Problem to work on
Copy the data that follows exactly, and include none of its images.

Collected data

* * * * * * *

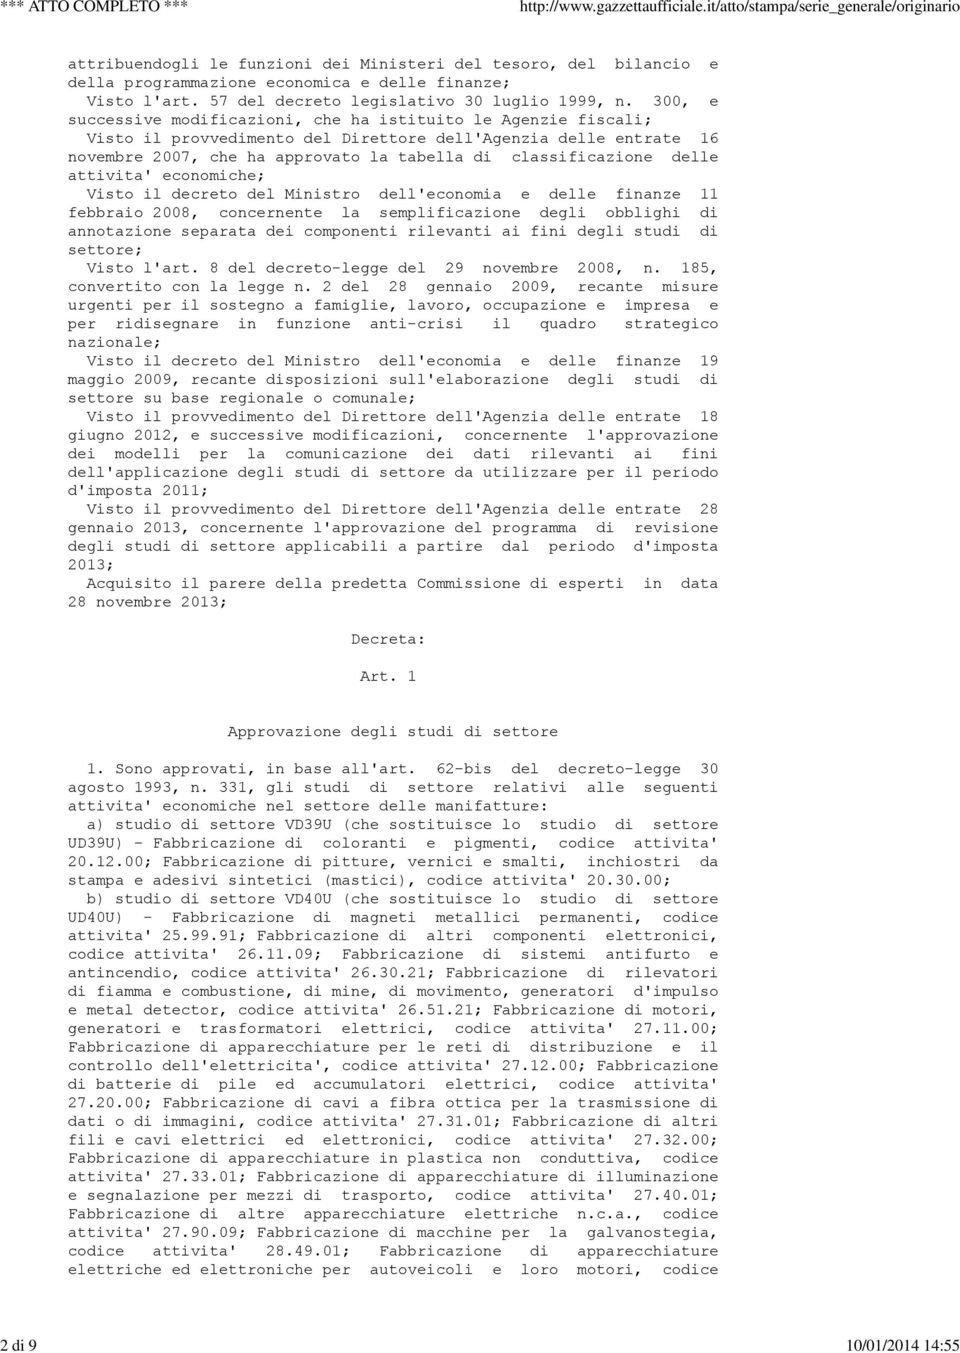 delle attivita' economiche; Visto il decreto del Ministro dell'economia e delle finanze 11 febbraio 2008, concernente la semplificazione degli obblighi di annotazione separata dei componenti
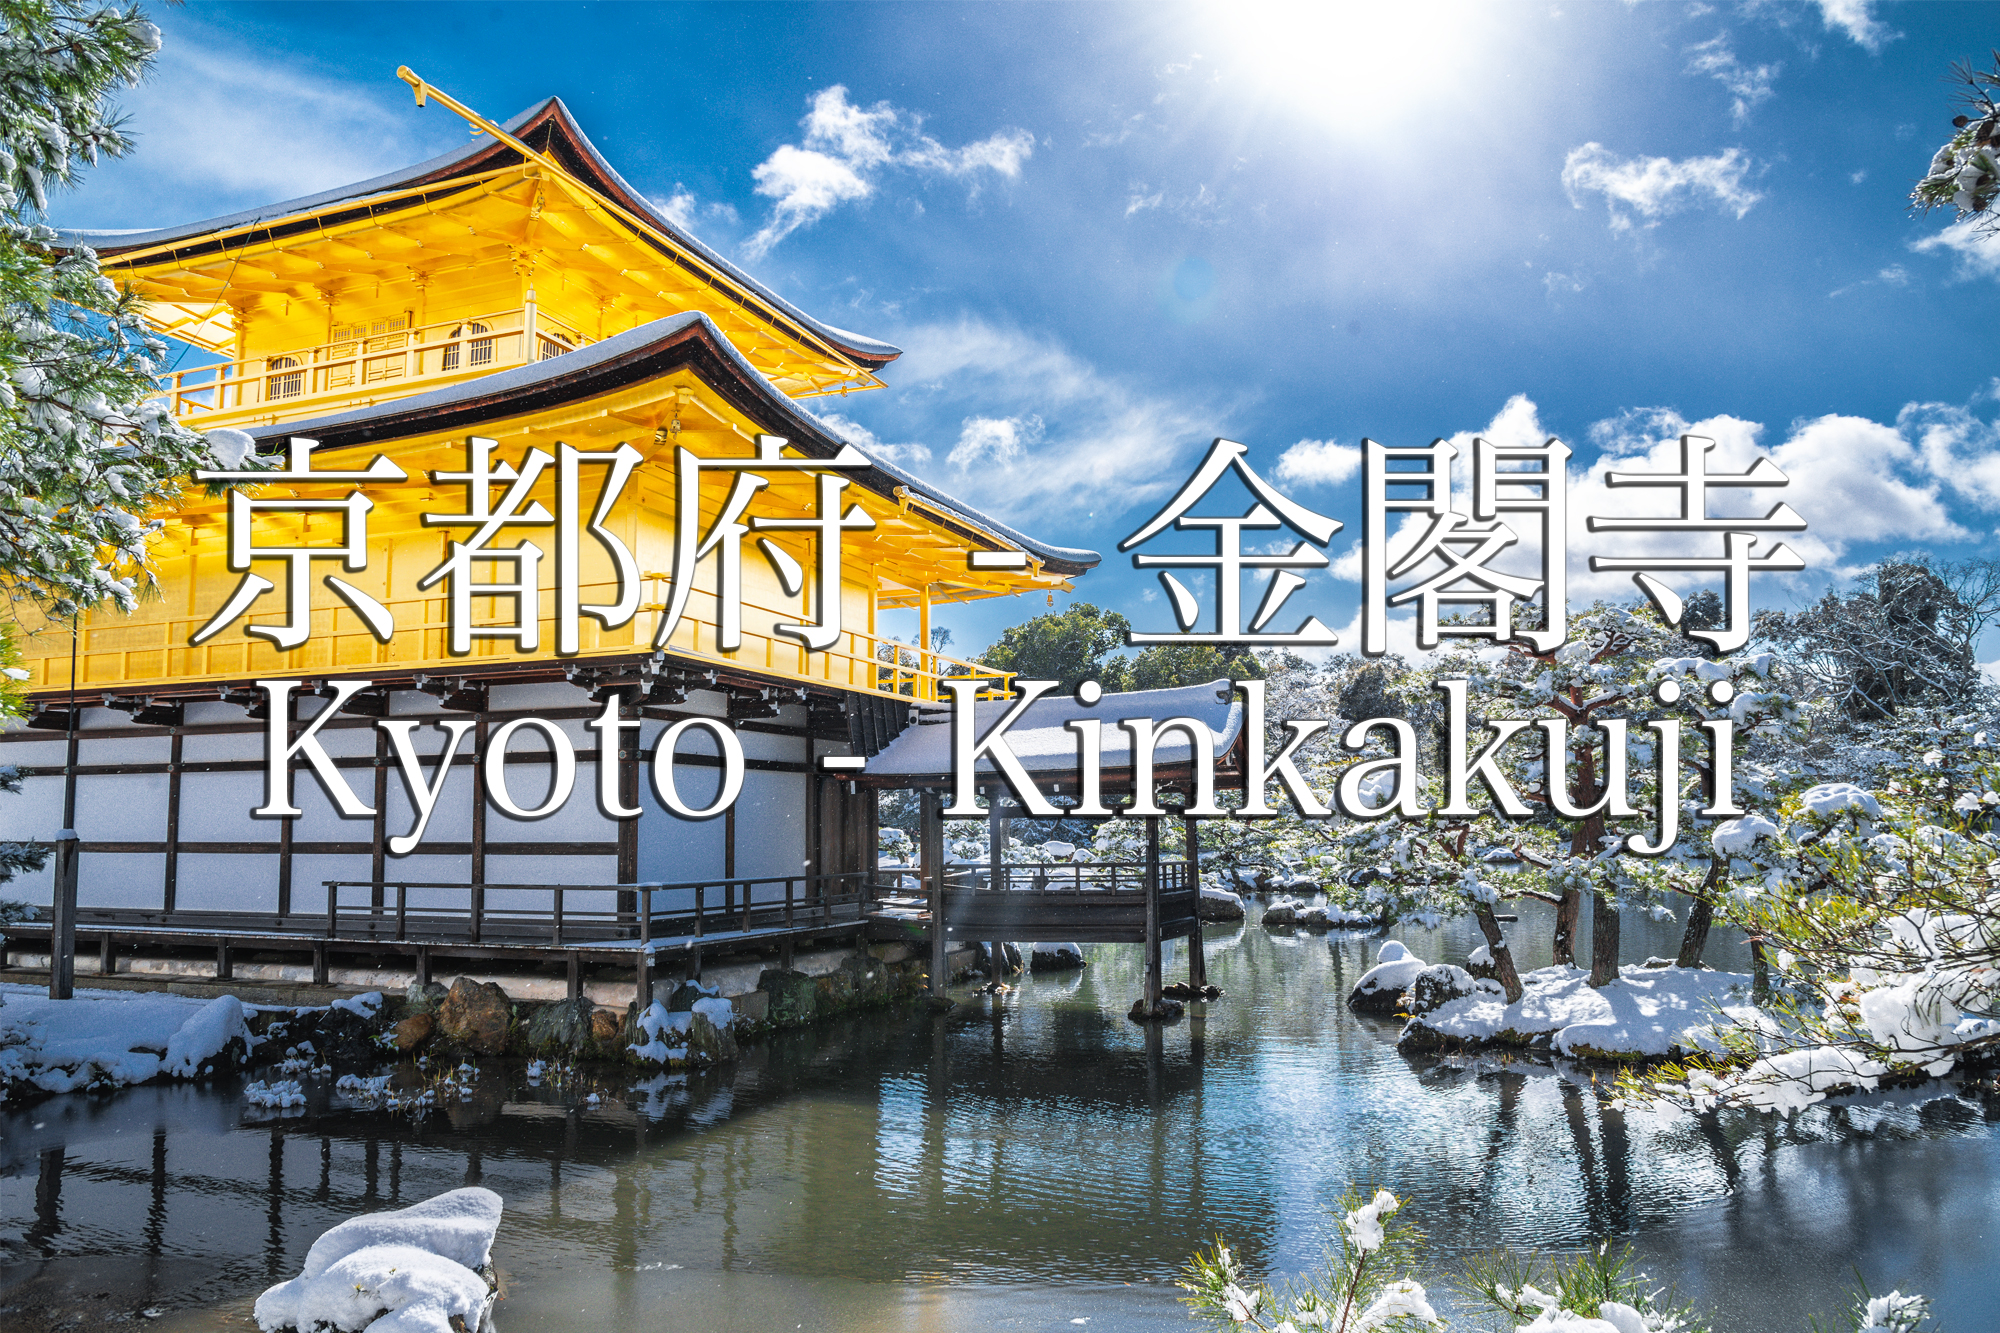 京都 金閣寺 京都の冬 雪景色の庭園が美しいおすすめの写真撮影スポット 撮影した写真の紹介 アクセス情報や交通手段など 写真 や映像で紹介する関西 近畿の絶景カメラ 観光スポット
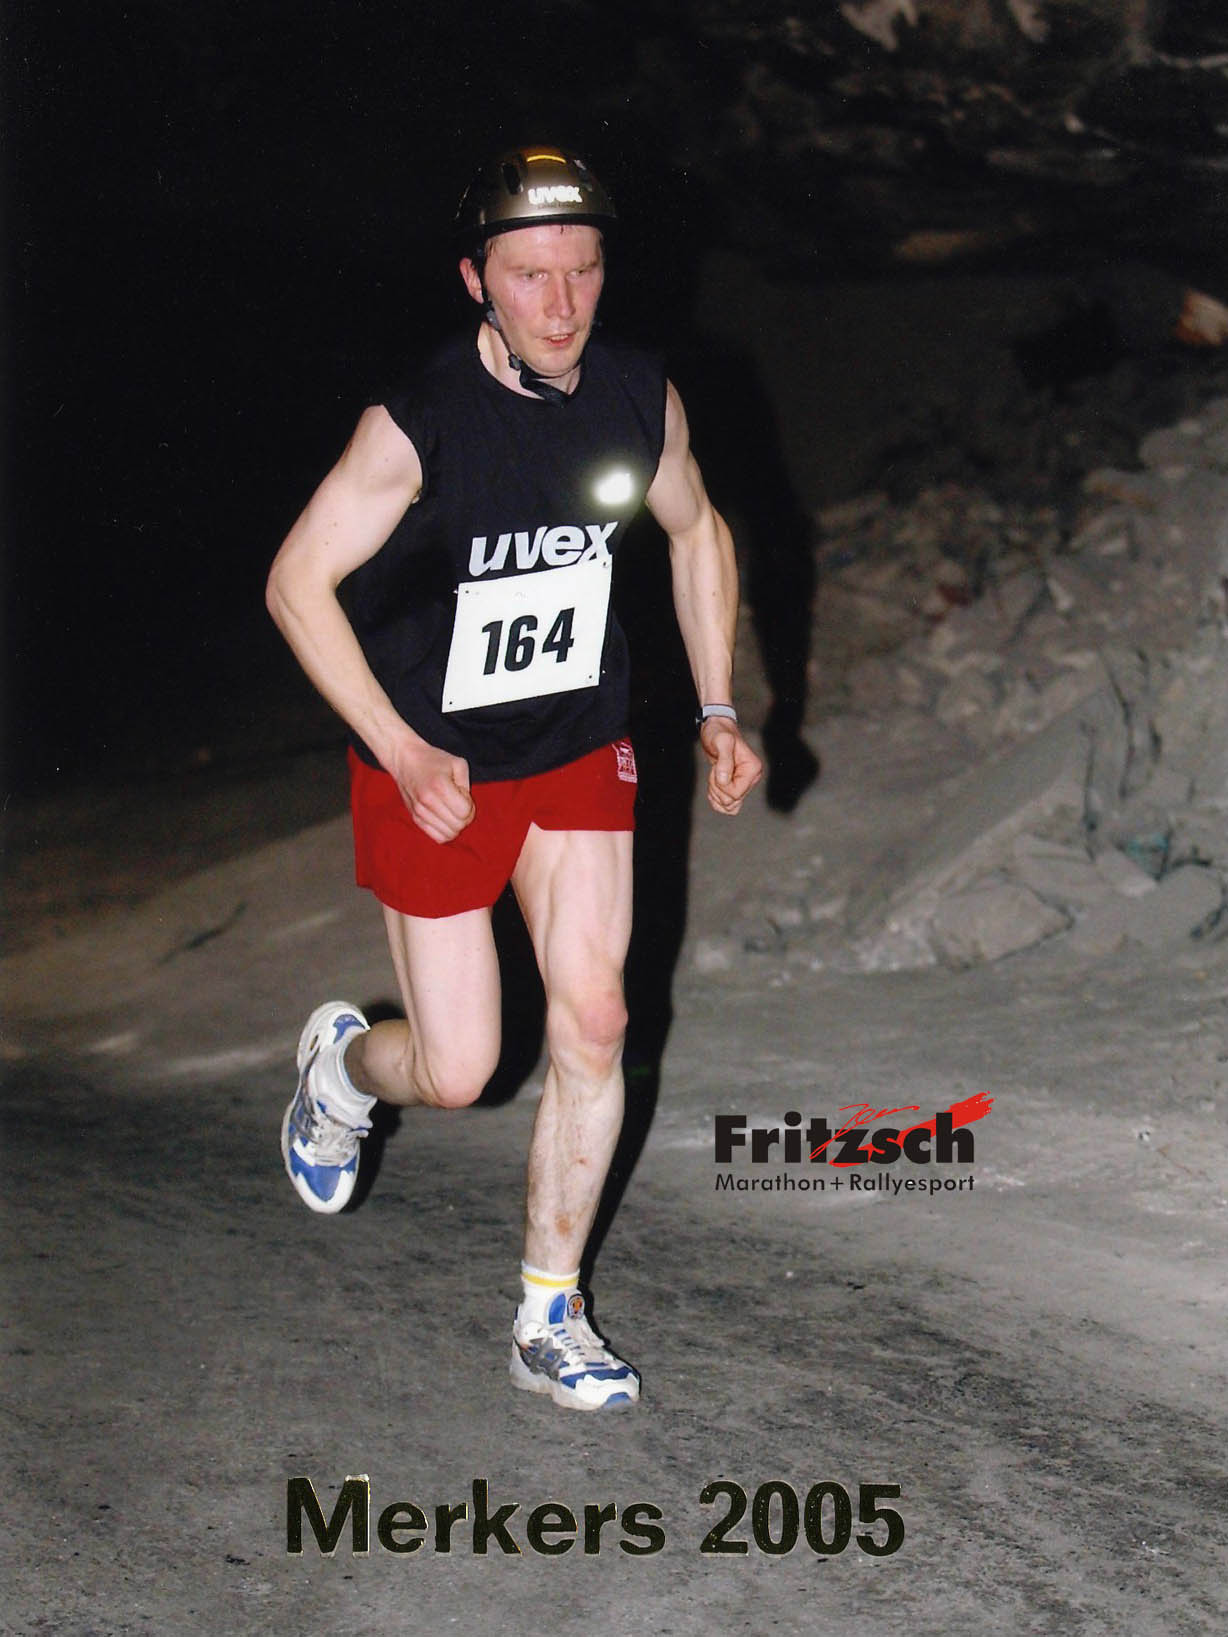 Cave marathon - Crystal Marathon in Merkers Thuringia
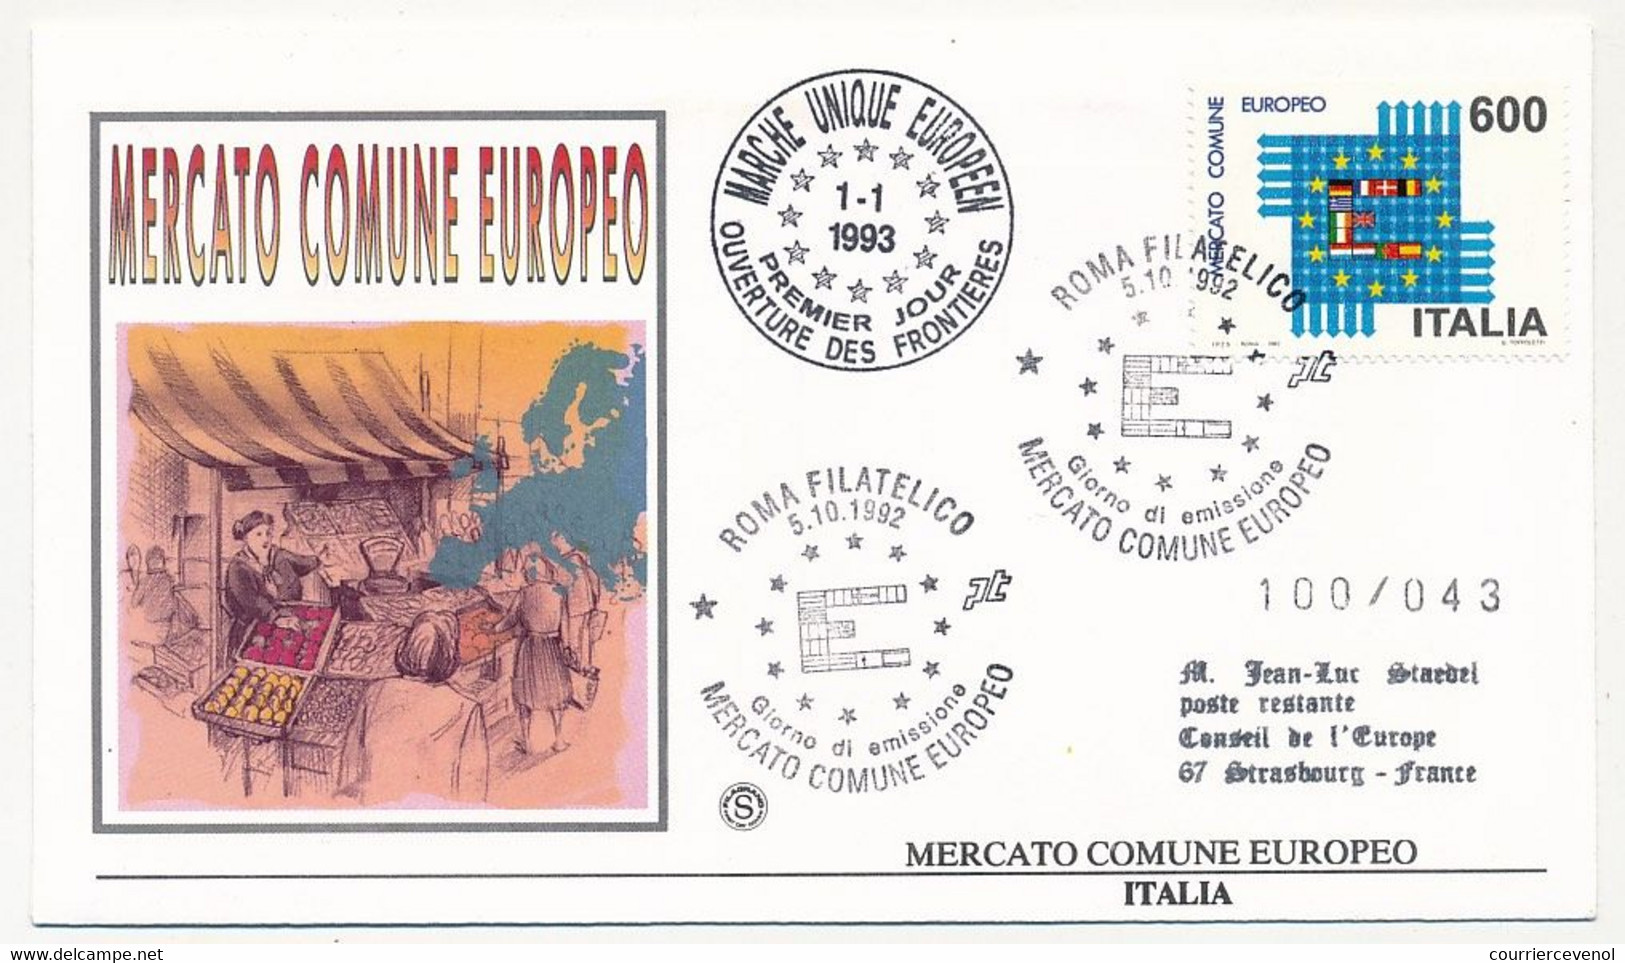 ITALIE - Enveloppe FDC - Mercato Comune Europeo (Marché Unique Européen) - Roma 5/10/1992 - Idées Européennes

* * * * * * *

Exercise response
 delle attivita' economiche; Visto il decreto del Ministro dell'economia e delle finanze 11 febbraio 2008, concernente la semplificazione degli obblighi di annotazione separata dei componenti
 京都 金閣寺 京都の冬 雪景色の庭園が美しいおすすめの写真撮影スポット 撮影した写真の紹介 アクセス情報や交通手段など 写真 や映像で紹介する関西 近畿の絶景カメラ 観光スポット
 Cave marathon - Crystal Marathon in Merkers Thuringia
 ITALIE - Enveloppe FDC - Mercato Comune Europeo (Marché Unique Européen) - Roma 5/10/1992 - Idées Européennes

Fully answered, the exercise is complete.